Shutterstock’s shares closed at $33.23 up from $27.99 at the previous day’s close.

1Comment
  • Pavel Orekhov
    Posted at 17:23h, 06 November Reply

    For me Q3 results were 1) very expected from the beginning of this year when the played team (a lot of really professional guys) had left SS; and 2) became sort of obvious after the Q2 results.
    28% (actually 25%) growth Y/Y is good. But for a publicly traded company it’s a disaster.
    As Paul Melcher wrote in his great post http://blog.melchersystem.com/?p=3709, the Wall Street guys are interested only in companies with 30%+ growth. If there is guidance that a company will grow less, it’s a clear signal for them to become bearish and sell the stocks.

    Probably stock video is the only major growth driver for SS now (among other microstock products) and although they were asked, they didn’t provide their perspective on the future growth of stock video (like in 2017+).

    Q4 2015:115,8mil guidance, Q4 2014: 91,2mil result. So, the expected growth: 27%. Minus Premium beat and Rex, that are not related to contributors’ earnings (3% out of 28% growth in Q3) = approximately 24% growth according to the guidance.

    The main roadblock related to SS growth might be in strategy. They built great loyal contributor and customer bases, but when the competition increases in the oversupplied market, it’s all about delivering the unique value – smth that competitors can’t do.
    Unfortunately i don’t really see SS did anything to get a substantial competitive advantage in the long term yet.

    But it doesn’t mean they will never get this advantage. There are a lot of possible scenarios:

    1) the most straightforward – they launch the premium collection with exclusive content to provide unique content to customers (they are starting to do it now, but not with general microstock content coming from contributors as the main sourcing channel);

    2) they acquire a company that will push their growth and integrate it with their platform to acquire different cohort of customers/deliver content with different value to existing ones (ex. 500px, but announcing stock repurchase program they are likely not going to do so in the nearest future);

    3) they really innovate with products and notice the ascending trend of a new product in the very beginning (ex. WordPress plugins, mobile products, games, augmented reality apps etc).
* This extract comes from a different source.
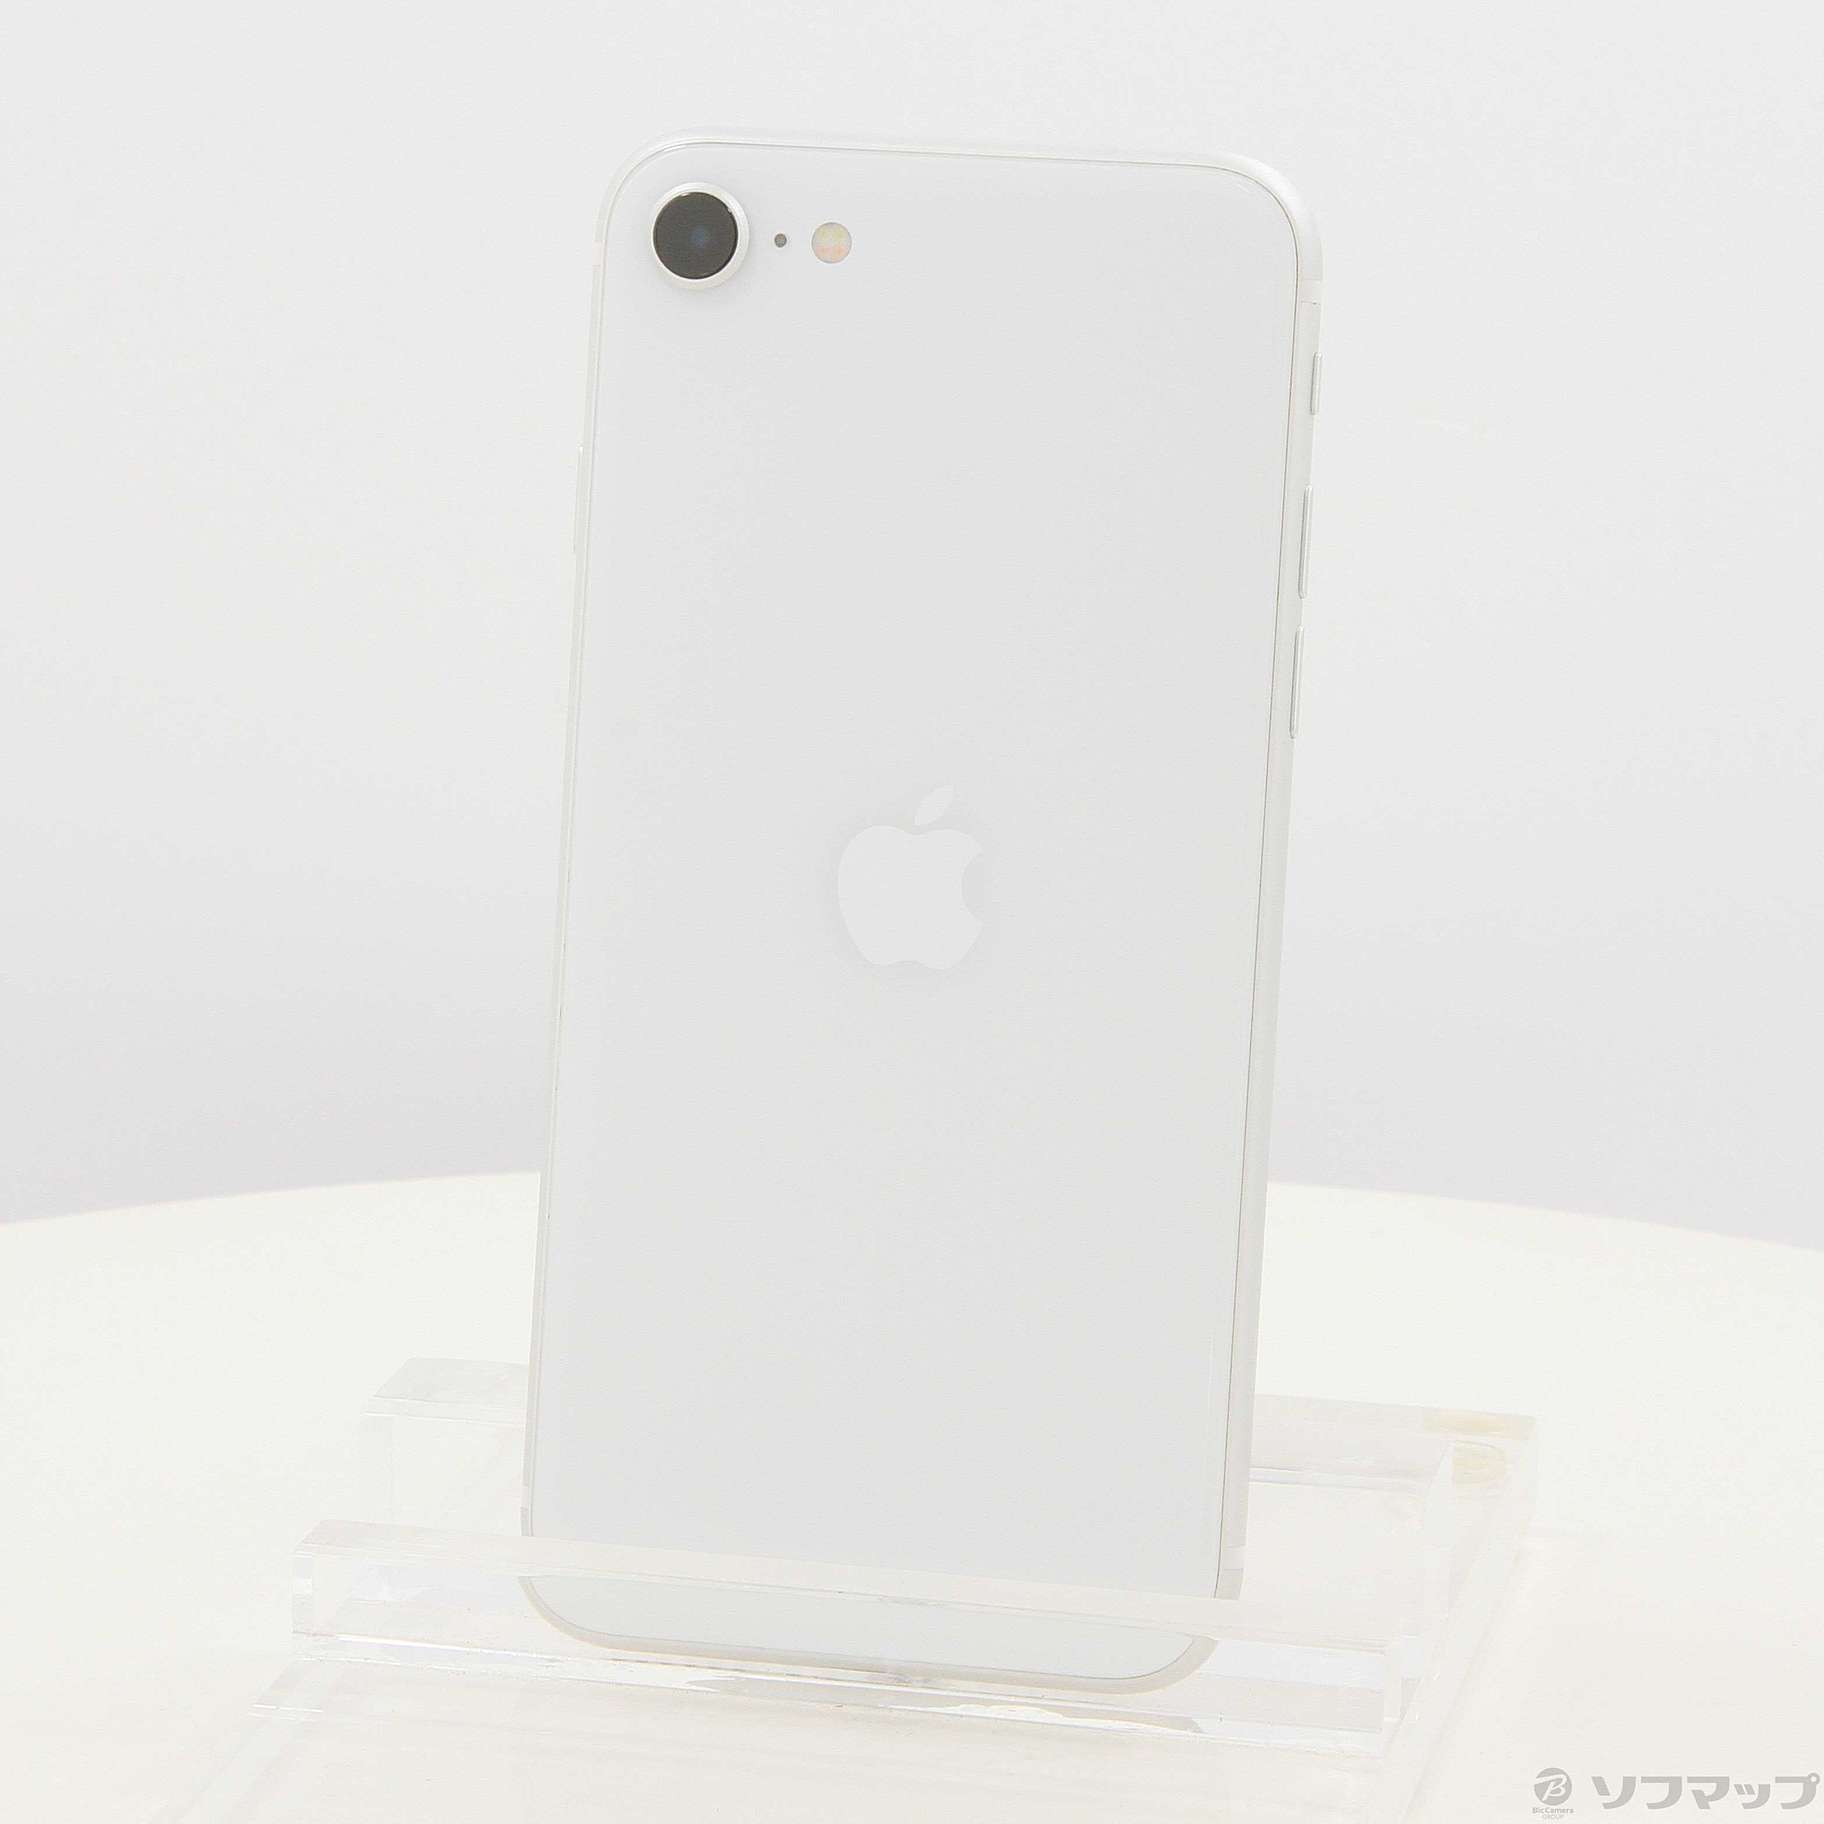 iPhone SE 第2世代 (SE2) ホワイト 64 GB SIMフリー - スマートフォン本体

Music is fine, but they need smth much better. They can do that if they have a visionary skill and smart strategy.

    4) they build new way of acquiring new customers=open new markets (ex. social media ones). Technology is not standing still.

    5) they launch very good education on-line coursers for… potential customers for free or smth non-commercial and really valuable (ex. for kids) to expand reach and nurture the loyalty of potential customers from the very start.

    6) they make a strategic partnership where both companies will win (ex. with Canva)

    and others.

    It’s really interesting how SS will cope with this declining growth dynamic. i believe they have enough potential to boost it again.